ANALYTICAL METHOD DEVELOPMENT AND VALIDATION FOR SIMULTANEOUS ESTIMATION OF CABOZANTINIB & NIVOLUMAB IN COMBINED PHARMACEUTICAL DOSAGE FORMS BY RP-HPLC

A simple, accurate and precise HPLC method for simultaneous determination of Cabozantinib and Nivolumab in pure and tablet dosage form has been developed. HPLC of Waters (Model: Alliance 2695) with Phenomenax Luna C18(4.6 mm × 250 mm, 5 µm) column was used for chromatographic separation. Mobile phase consists of Methanol: Water (65:35% v/v) and flow rate adjusted was 1 ml/min. Wavelength selected for detection was 220 nm and injection volume was 10 µl. The method has been validated for linearity, accuracy, and precision. The linearity of Cabozantinib and Nivolumab were in the range of 30 μg/ml respectively.

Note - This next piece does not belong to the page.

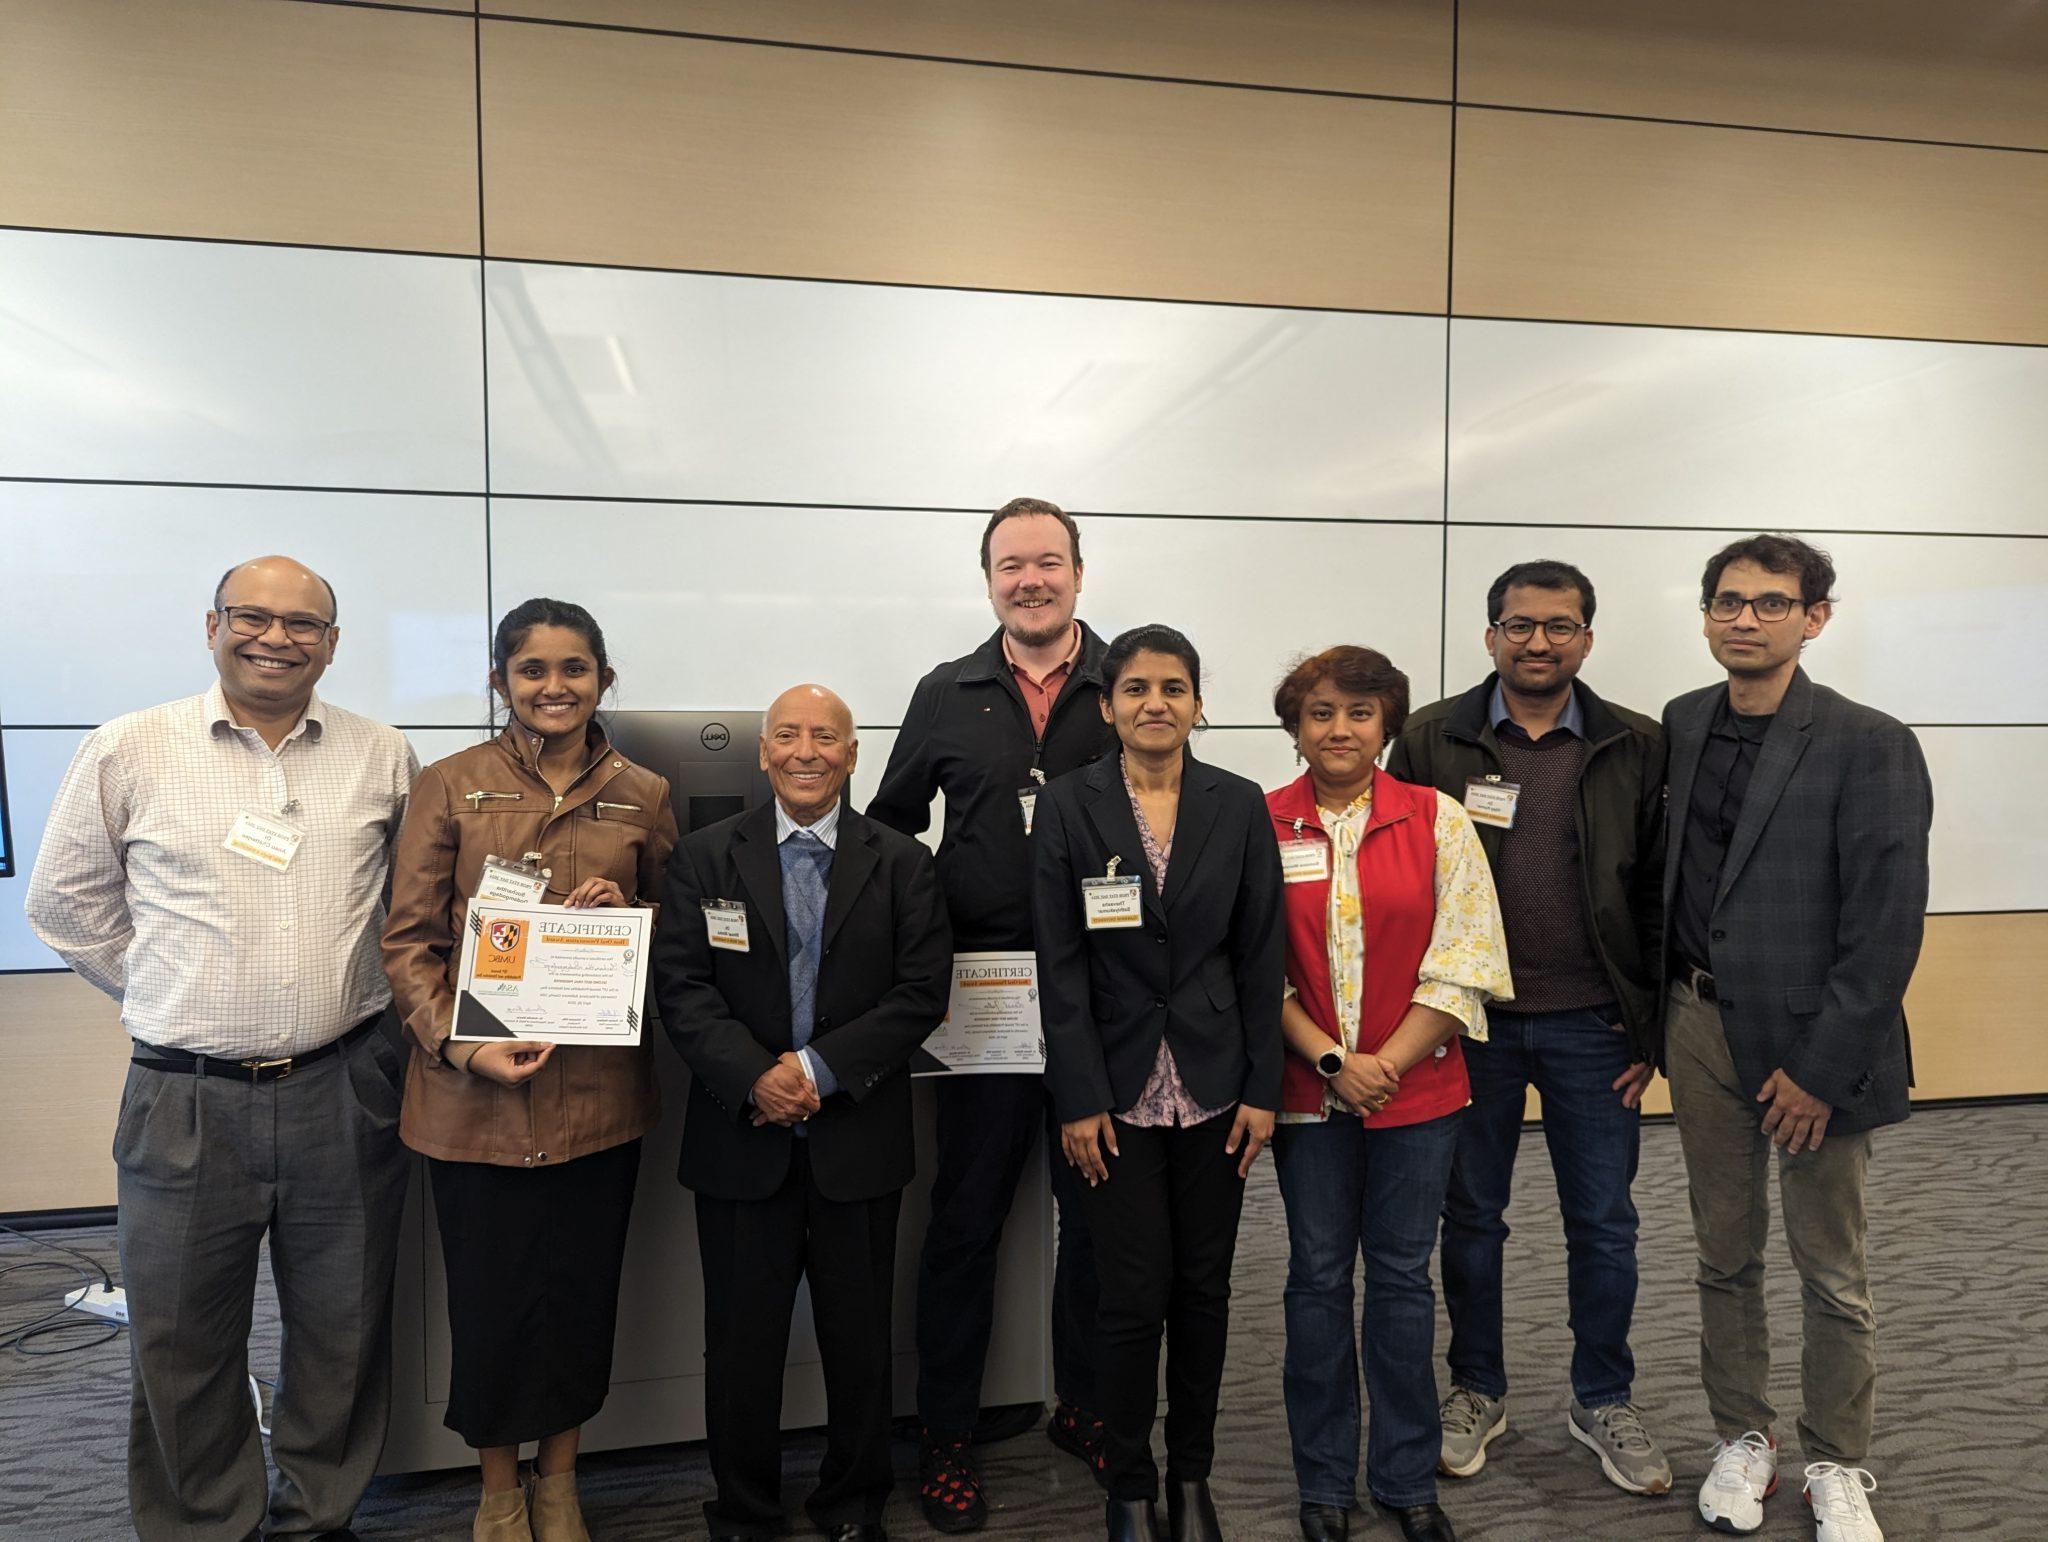 数学博士候选人Daniel Fuller, Thevasha Sathiyakumar, 和Sucharitha Dodamgodage在马里兰大学第15届年度概率与统计日上获得微生物组分析奖.

The developed HPLC method offers several advantages such as rapidity, usage of simple mobile phase and easy sample preparation steps. Further, improved sensitivity makes it specific and reliable for its intended use. Hence, this method can be applied for the analysis of pure drug and pharmaceutical dosage forms. From the present study it can be concluded that the proposed method is simple, sensitive, precise, specific, accurate and reproducible. Results of validation parameters demonstrated that the analytical procedure is suitable for its intended purpose and meets the criteria defined in ICH.